Д а в и д (взглянув на Сарру). Не могу понять, фрау Бауэр, вполне ли серьезны ваши намерения?
С а р р а. И вы тоже не принимаете меня всерьез, герр Шлезингер? (Она подбегает к кинопроектору, пинает его, демонстрация фильма прекращается.) Только синема здесь принимается всерьез. (Все в оцепенении следят за Саррой.) В чем дело? Что вы все уставились на меня, будто я ненормальная?
И л ь з е. Вы — ненормальная!
С а р р а. А вы — сумасшедшие! Я слушаю, когда со мной говорят. Этот человек сказал мне, что там живых людей превращают в мешок мяса и костей. И я делаю отсюда выводы — собралась и еду. Нельзя ведь отправиться в путь без вещей...
И л ь з е (стучит по столу). Какой наглостью обладает эта женщина! Да и вообще — кто она такая? Вы не принадлежите к нашему кругу. Пока вы не появились, здесь царила тишина!
С а р р а.
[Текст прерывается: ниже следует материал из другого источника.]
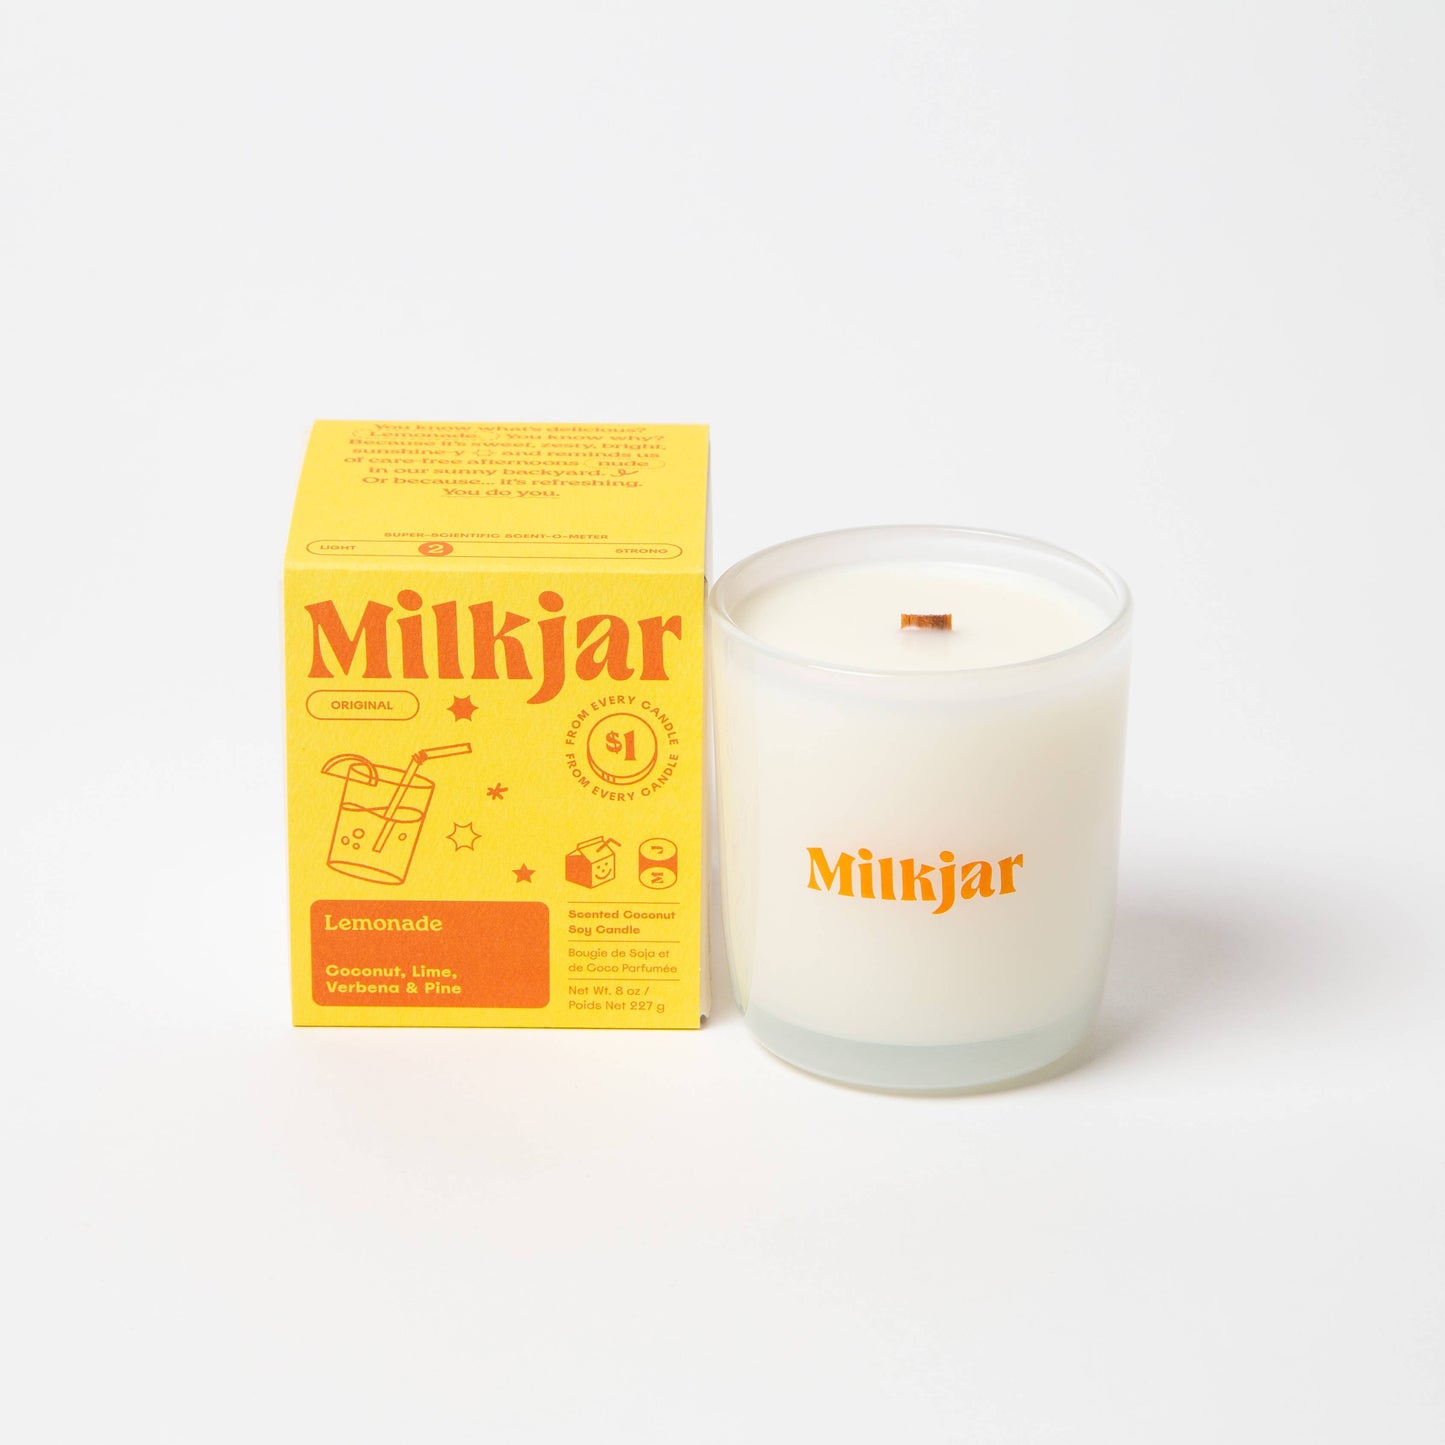 Milk Jar Lemonade 8 oz Candle
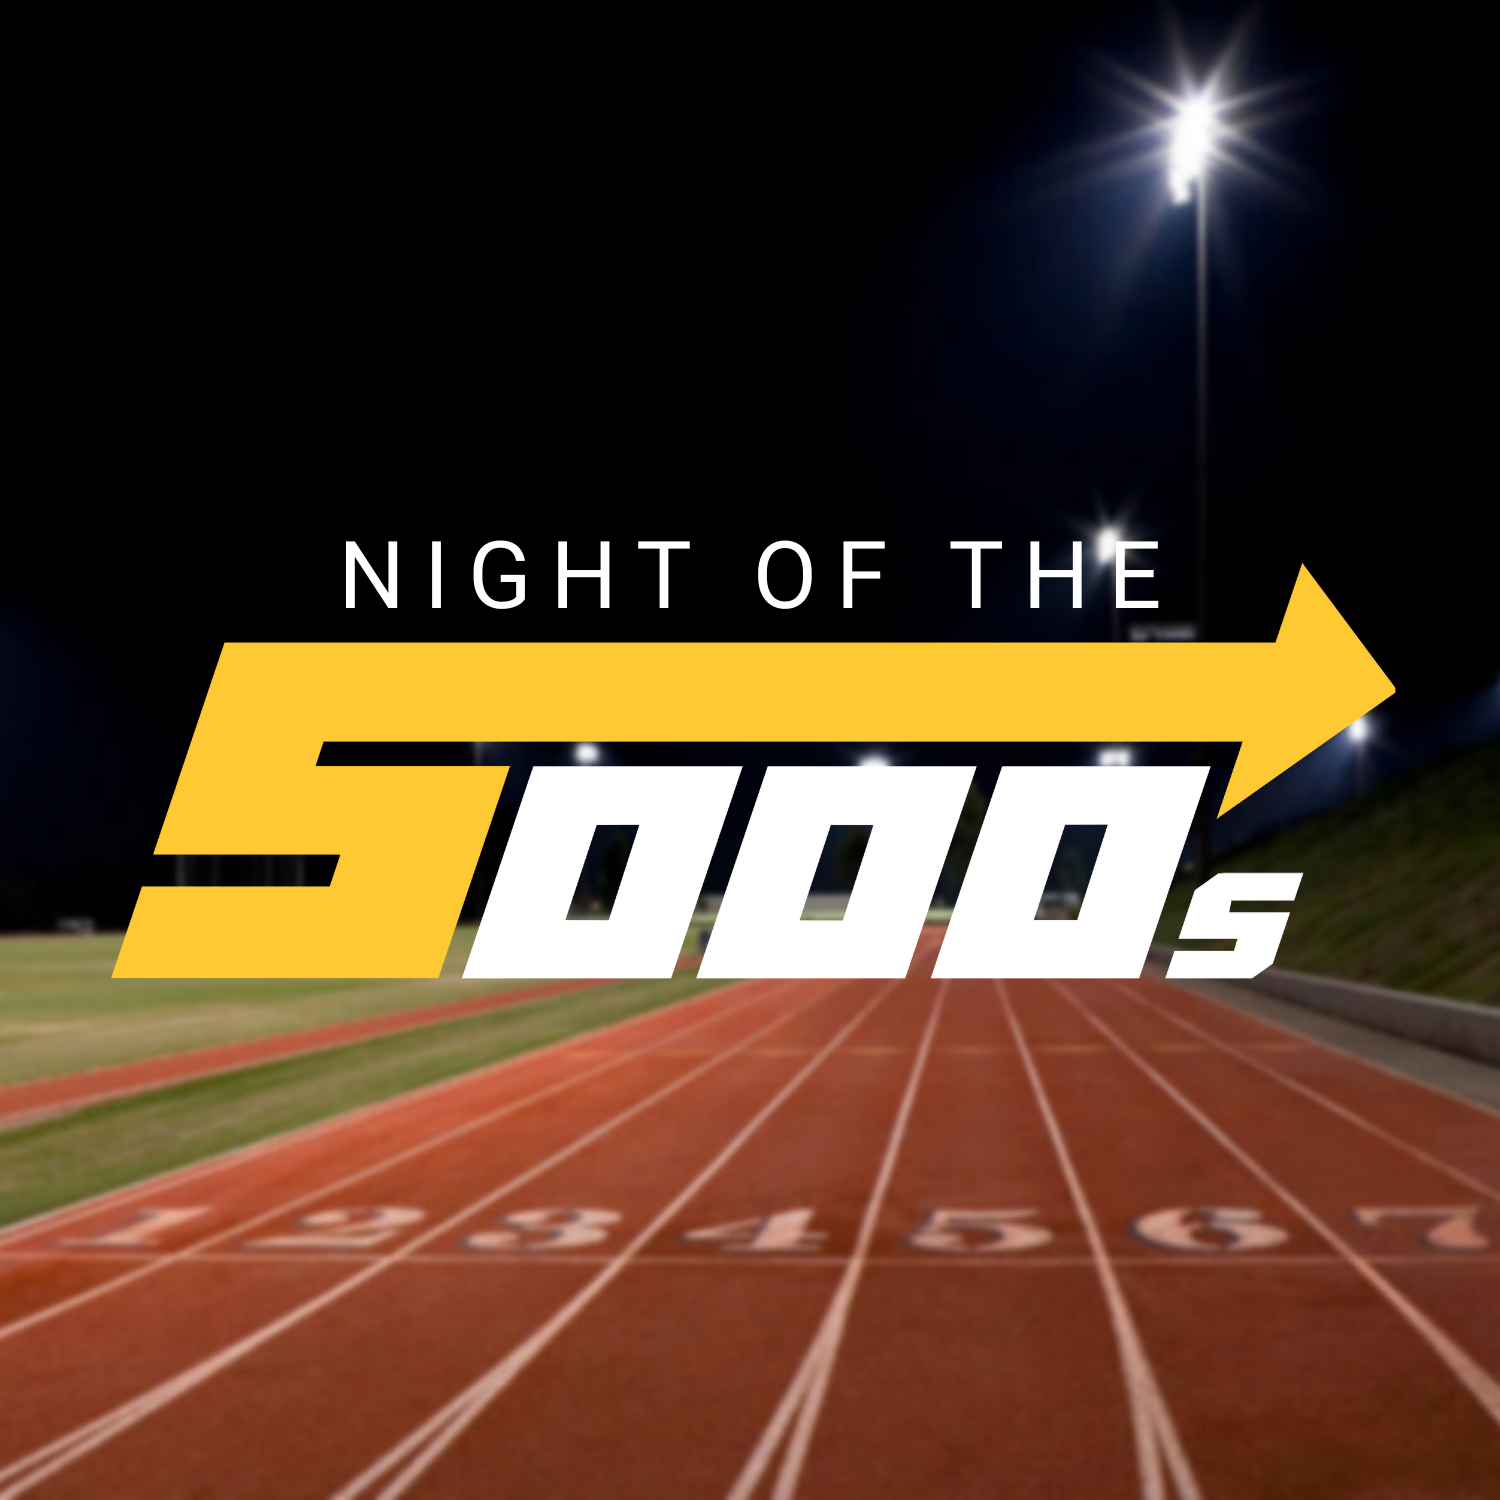 Night of the 5000s

Вы меня вовсе не интересуете! Ни вы, ни ваш идиотский "фон"!
И л ь з е. Она замолчит?
Г е р м и н а. Вы не на сцене, фрау Бауэр!
С а р р а. Нет уж, это вы взобрались на сцену, доктор Штернгайм! Это вы — сумасшедшая. (Копирует Гермину.) "Шушниг предал Австрию!" (Смеется.) Живых людей запихивают в бетономешалки!!! Но я не желаю с вами разговаривать. Мне безразлично, что вы думаете обо мне! Когда мы едем, герр Шлезингер?
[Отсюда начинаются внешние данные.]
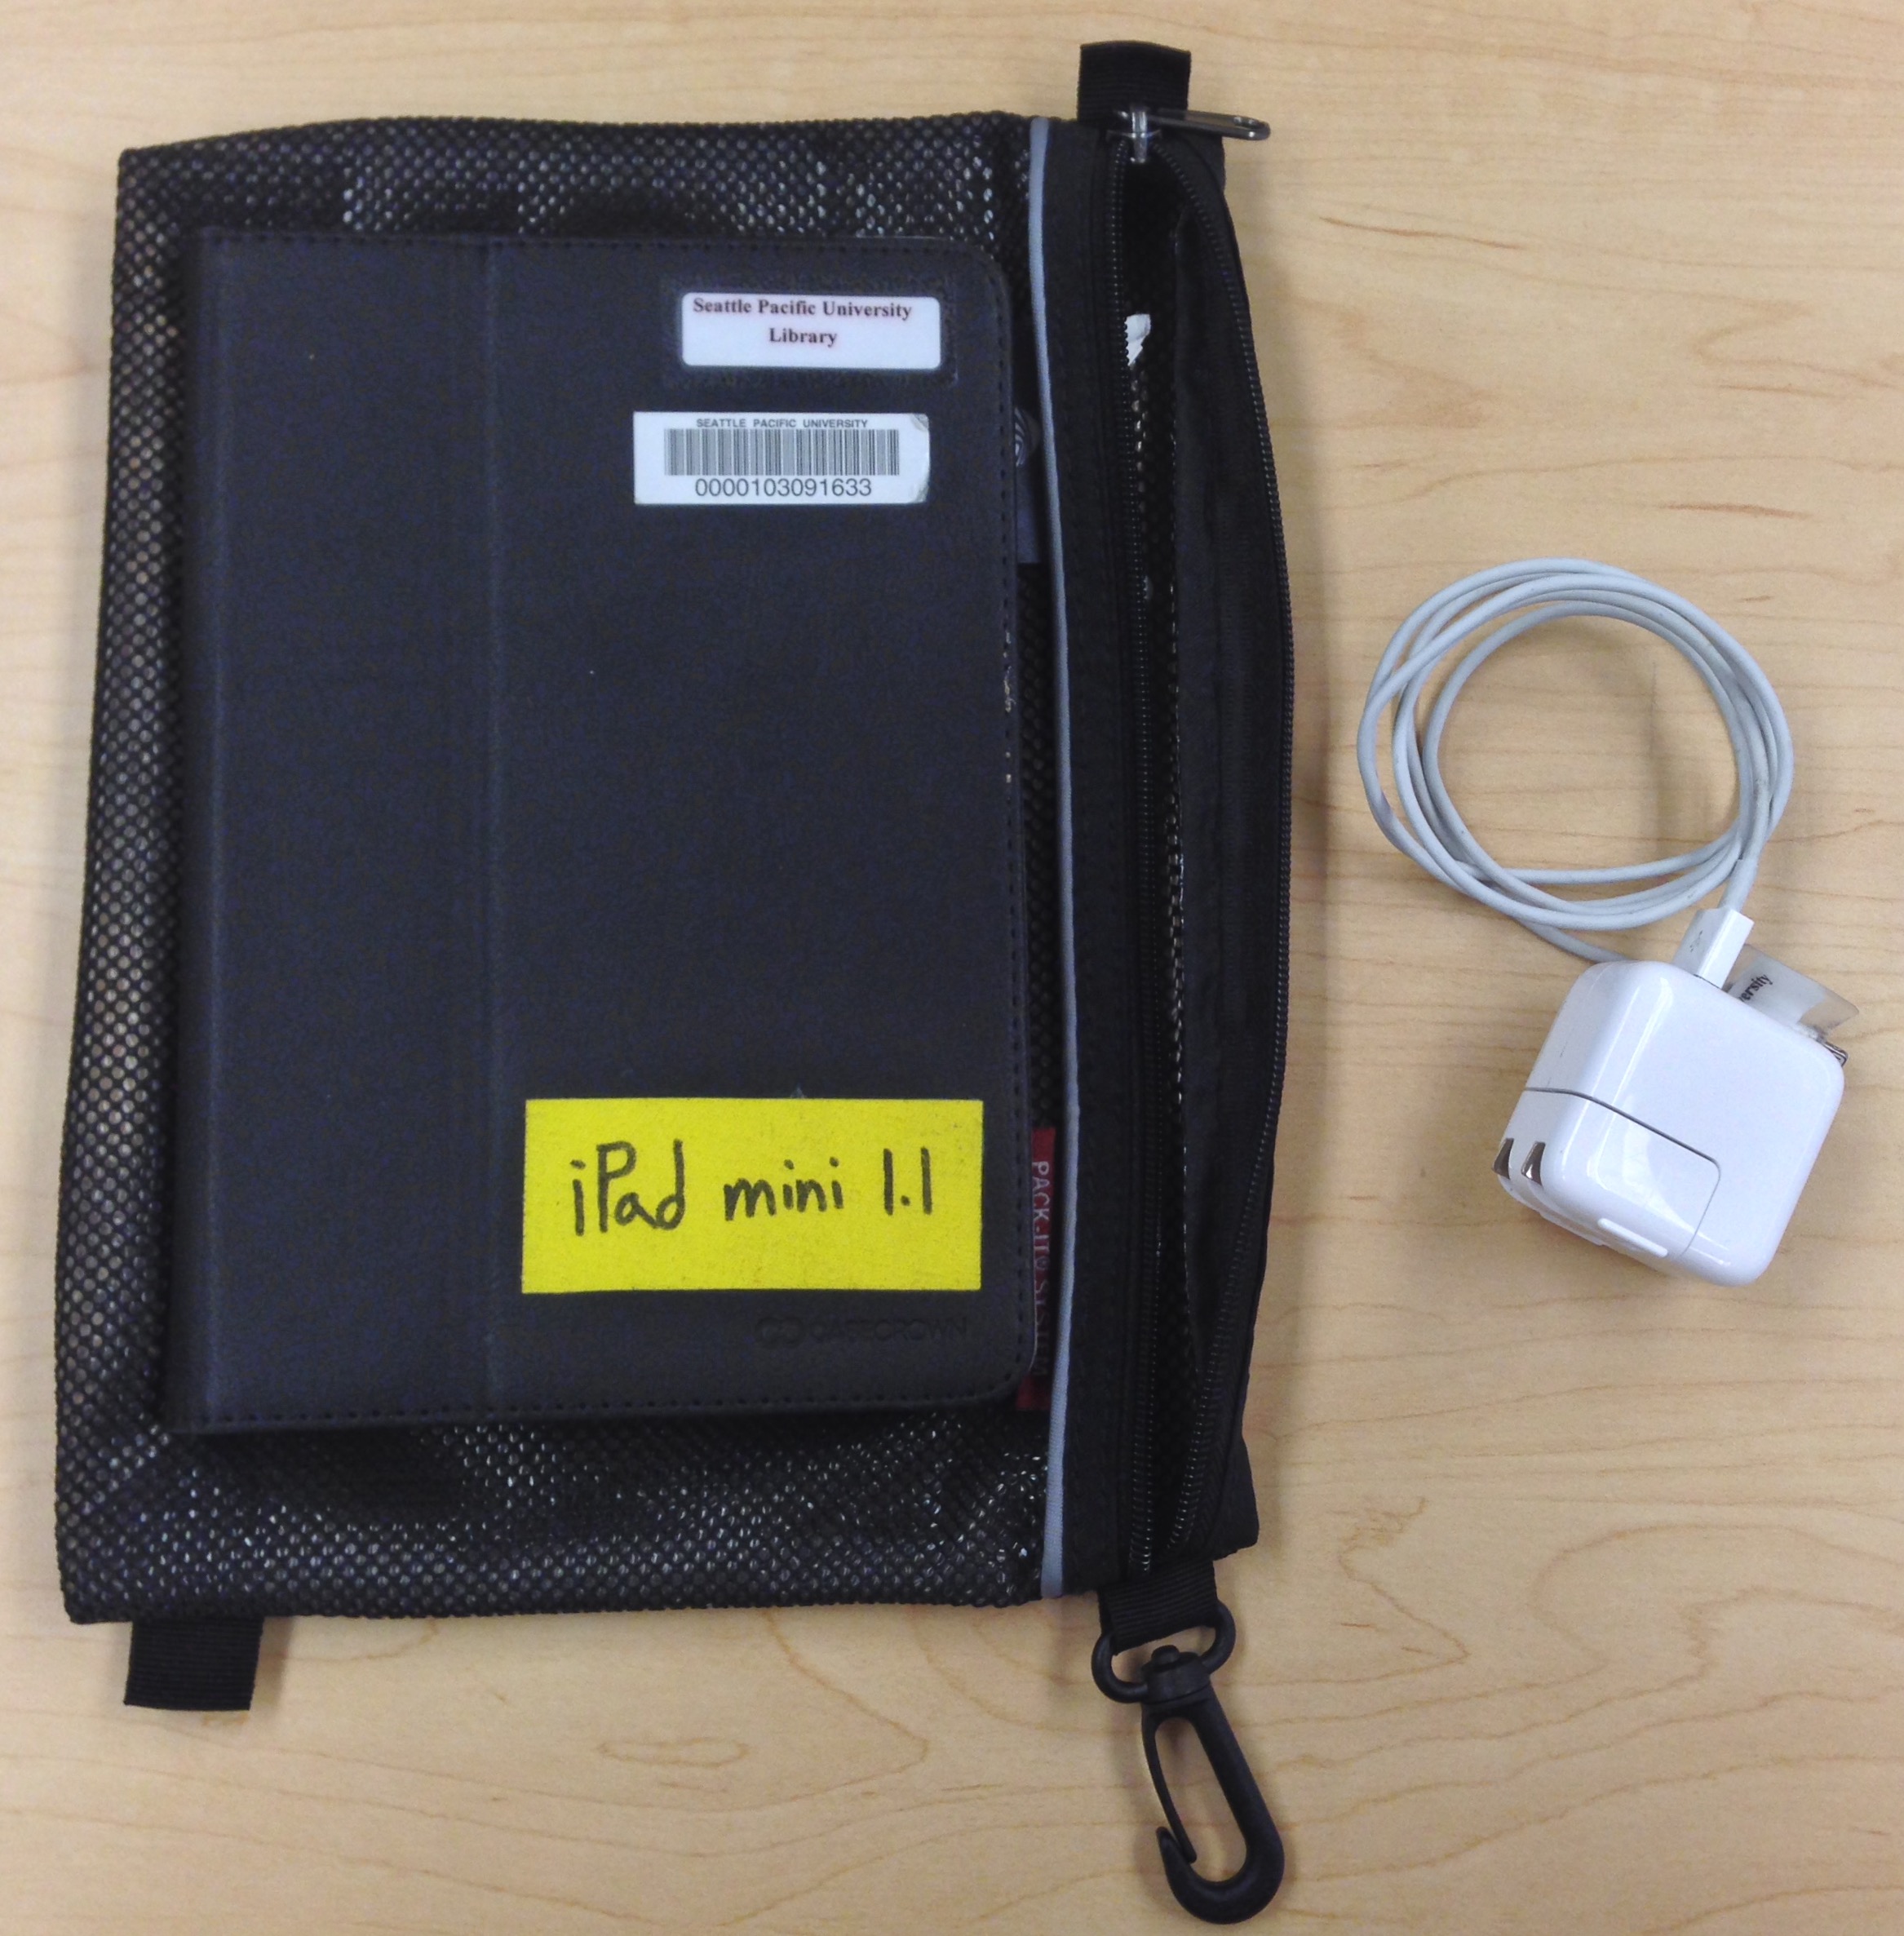 iPad Mini, iPad case, bag, USB sync cable, and USB power adapter

Д а в и д (смотрит на нее с простодушным удивлением — очевидно, что он никогда не сталкивался с подобными женщинами). Я... не знаю... фрау Бауэр... Я уж не знаю, что и думать!
С а р р а. О чем тут думать? Для вас я не вполне еврейка? Ведь вы сами, здесь, на этом месте, говорили, что возвращение в Вену — это самоубийство. Боже праведный! Здесь — я единственный здравомыслящий человек!
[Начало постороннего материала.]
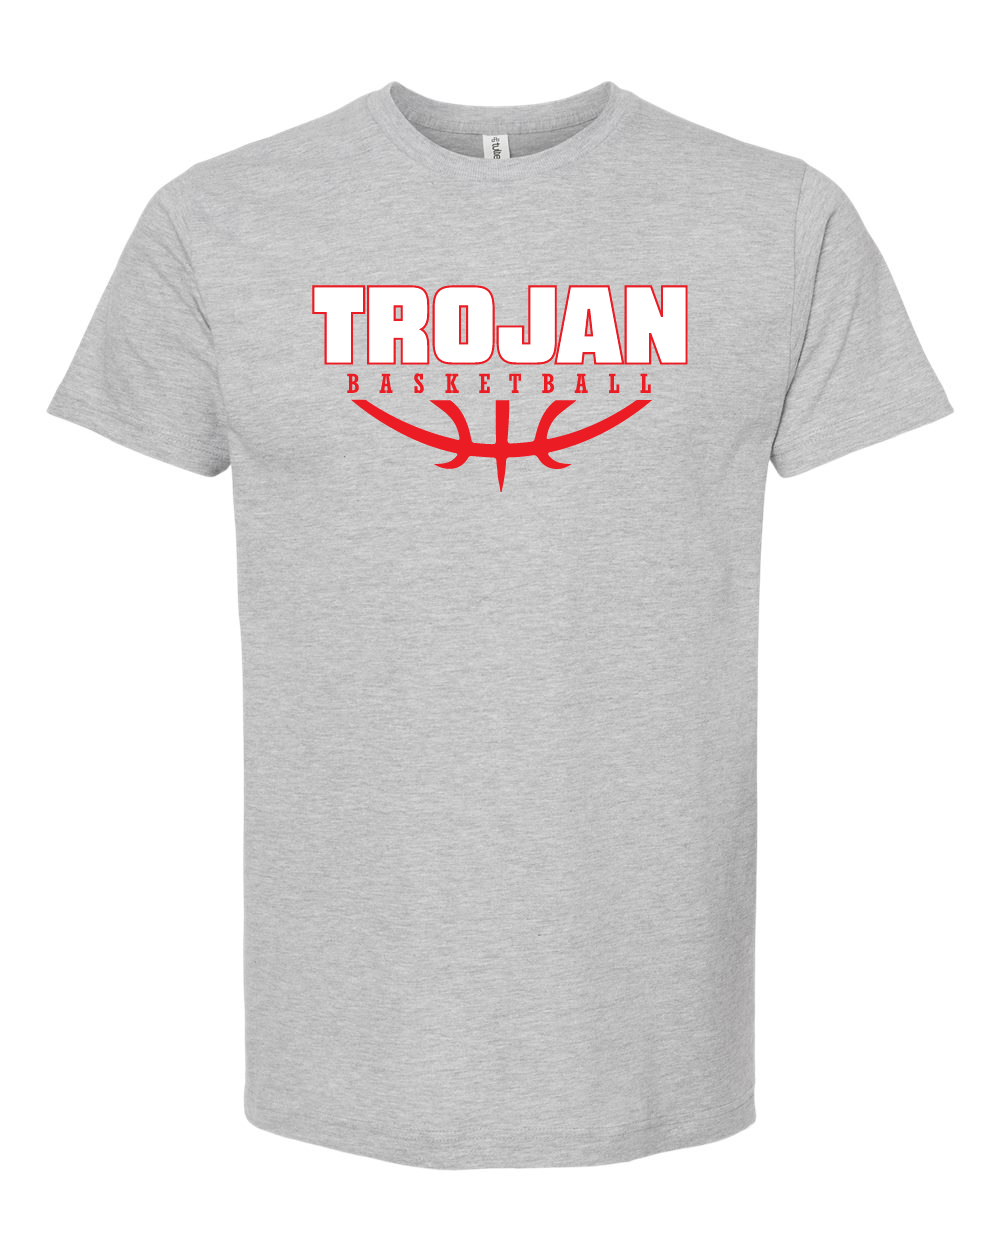 Trojan Basketball Ribs Shirt

Д а в и д. Я прошу вас... я не привык к подобному поведению...
С а р р а. Мне от вас ничего не нужно, герр Шлезингер. Только возьмите меня на корабль!
Д а в и д. Я прошу вас... Дайте мне поговорить с Герминой!
С а р р а. Хорошо. Я посижу здесь. Тихо и спокойно подожду вас.
Она усаживается на чемодан. В продолжение следующей сцены она откроет свой чемодан, достанет кое-что из одежды, наденет это поверх вечернего платья.
Ее движения — четкие, подчеркнутые.
Д а в и д (Гермине). Есть ли возможность уединиться в каком-нибудь месте? Ведь тут абсолютно нельзя поговорить...
С а р р а. Говорите! Я не слушаю. Ваша болтовня меня не интересует.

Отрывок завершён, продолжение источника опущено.